* Action item: Extract the full listing verbatim and drop any pictures from your copy.

* Data block:
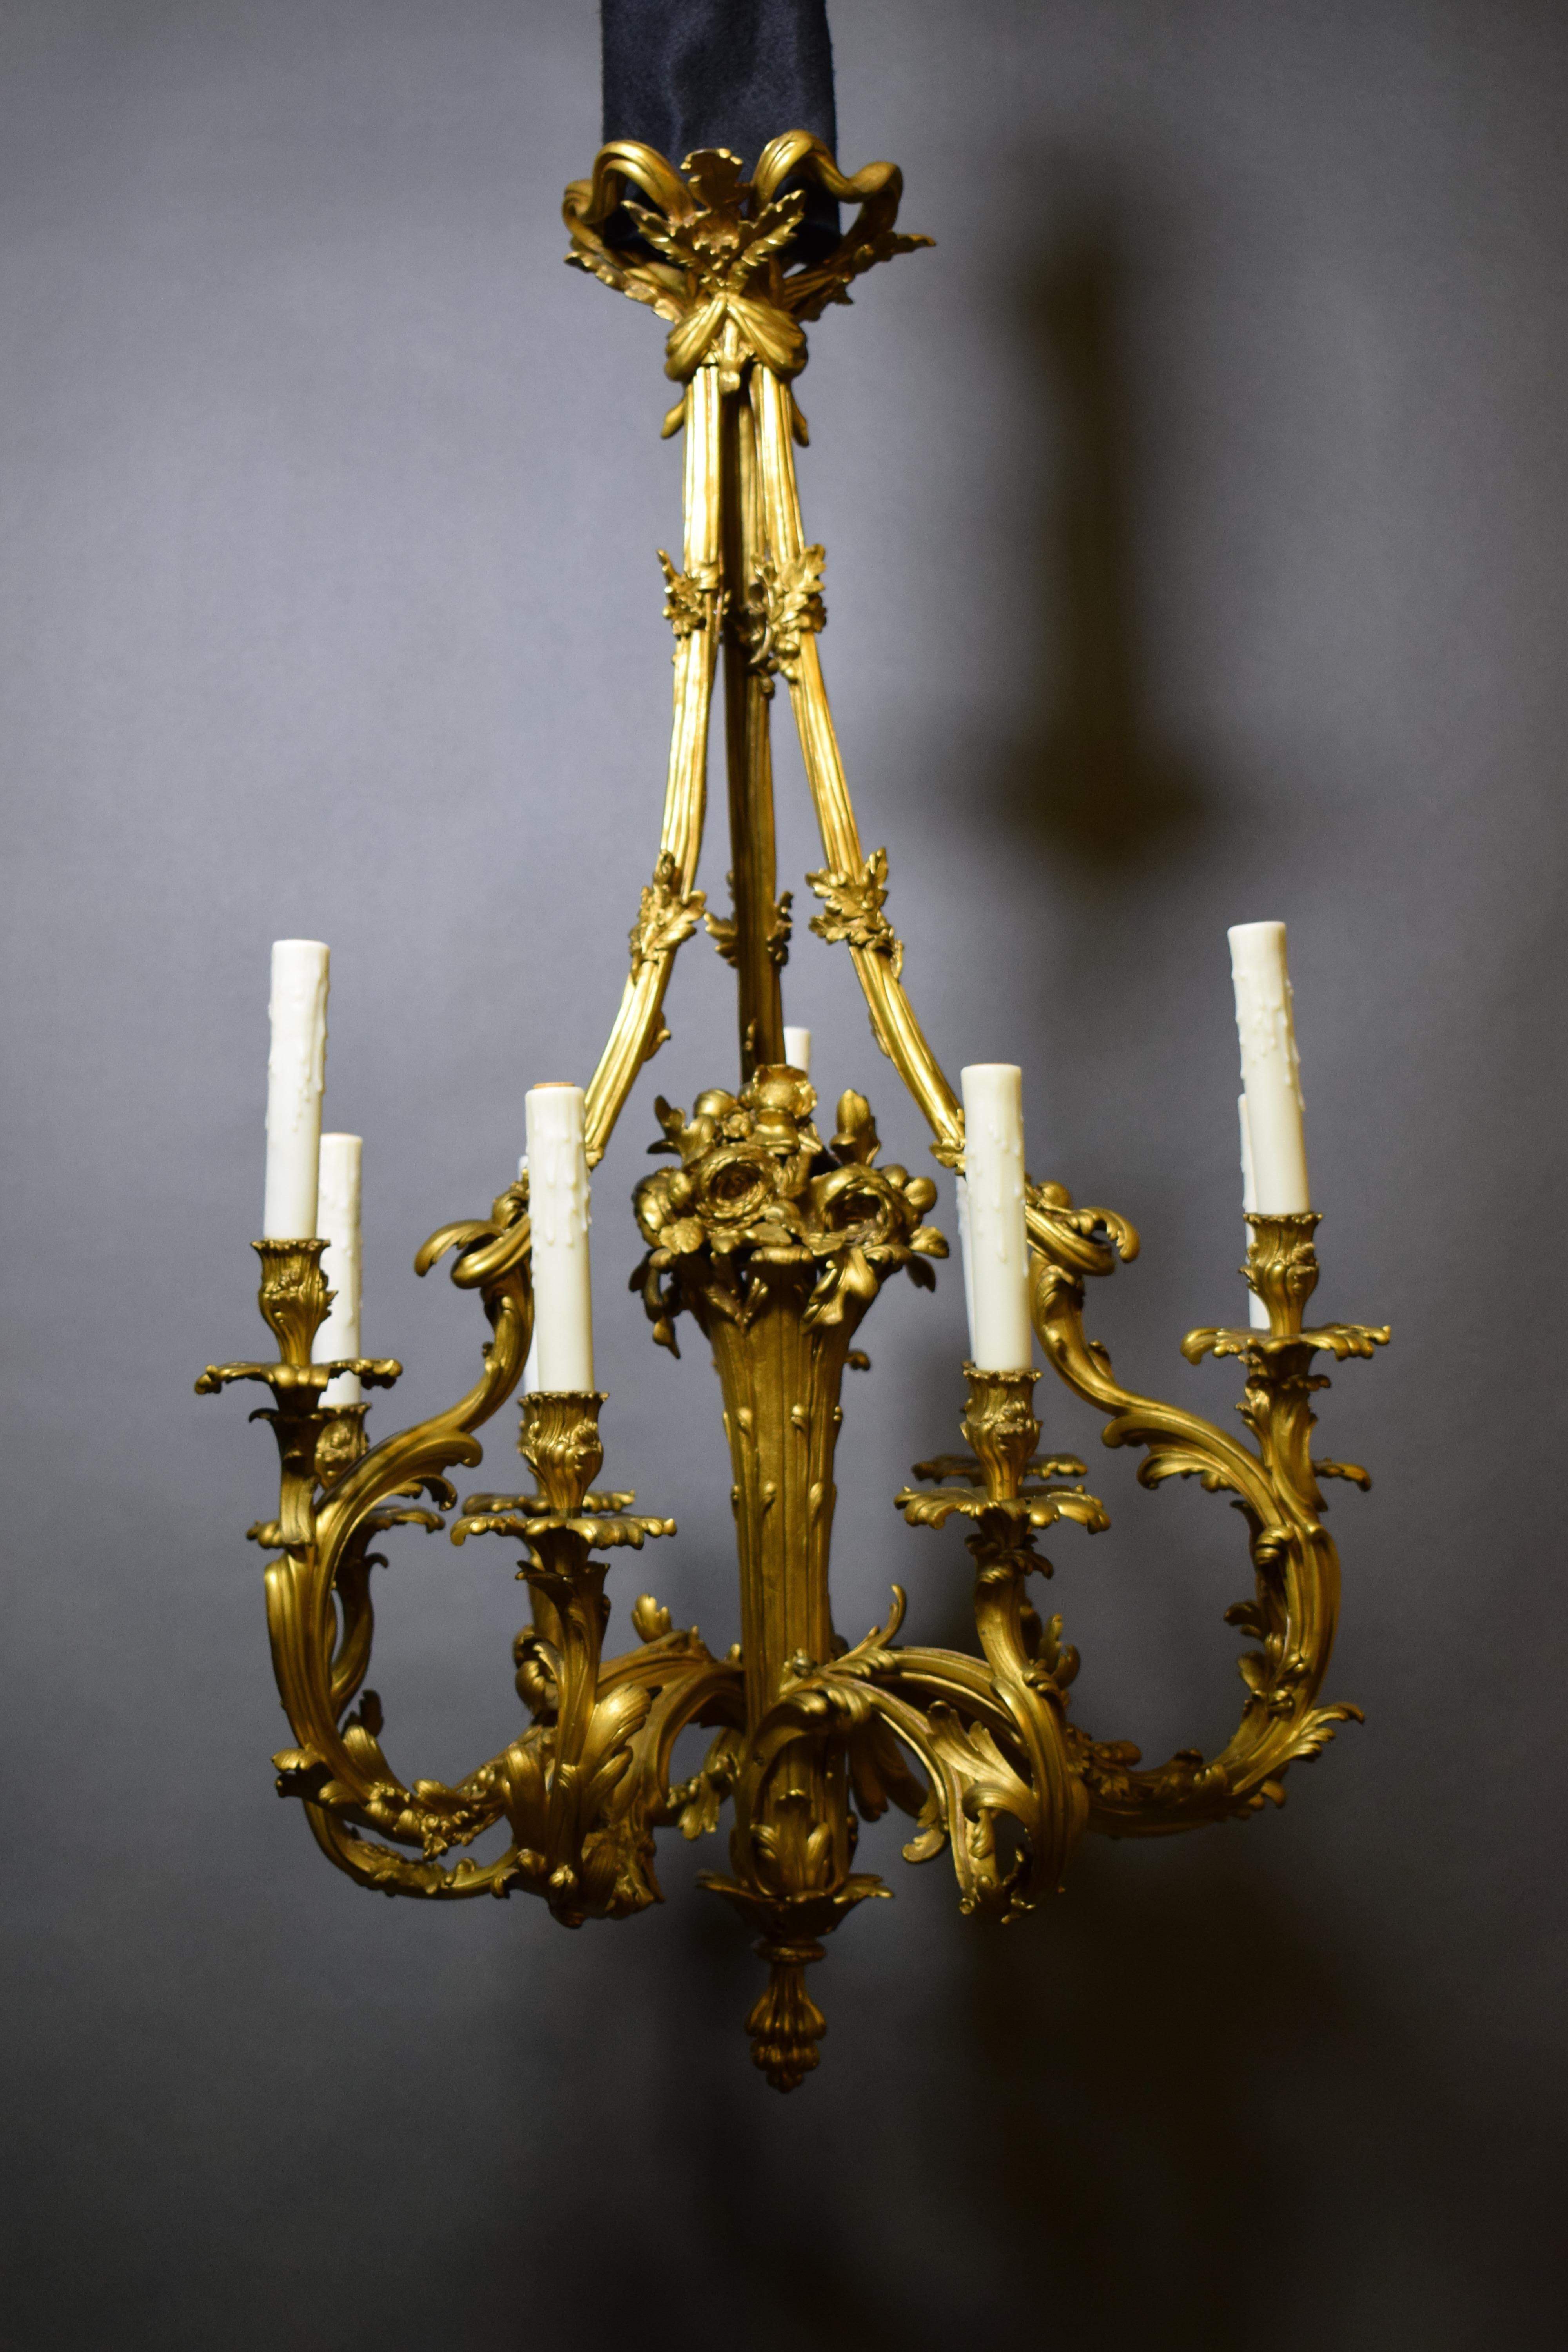 Kronleuchter im Stil Louis XV aus vergoldeter Bronze. In der Mitte ein stilisierter Blumenkorb. 9 Lichter. Frankreich, um 1900.
CW5185
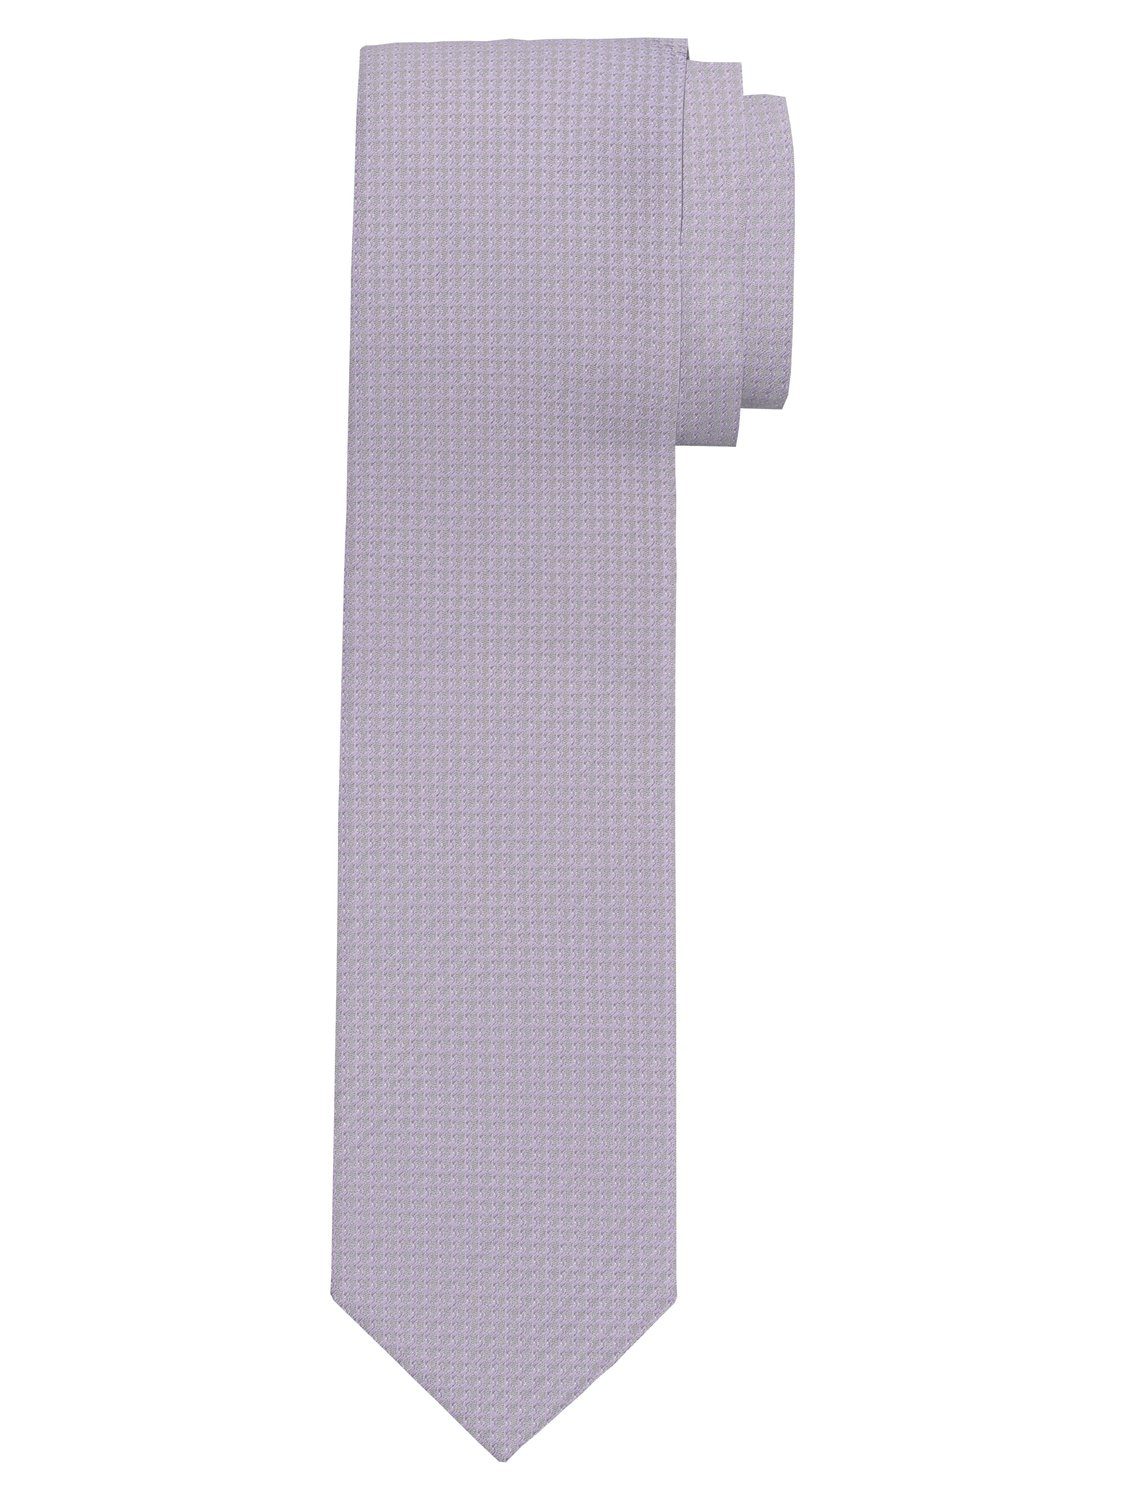 OLYMP Krawatte Krawatten flieder 1782/00

* Task output:
 Kronleuchter im Stil Louis XV aus vergoldeter Bronze. In der Mitte ein stilisierter Blumenkorb. 9 Lichter. Frankreich, um 1900.
CW5185
 OLYMP Krawatte Krawatten flieder 1782/00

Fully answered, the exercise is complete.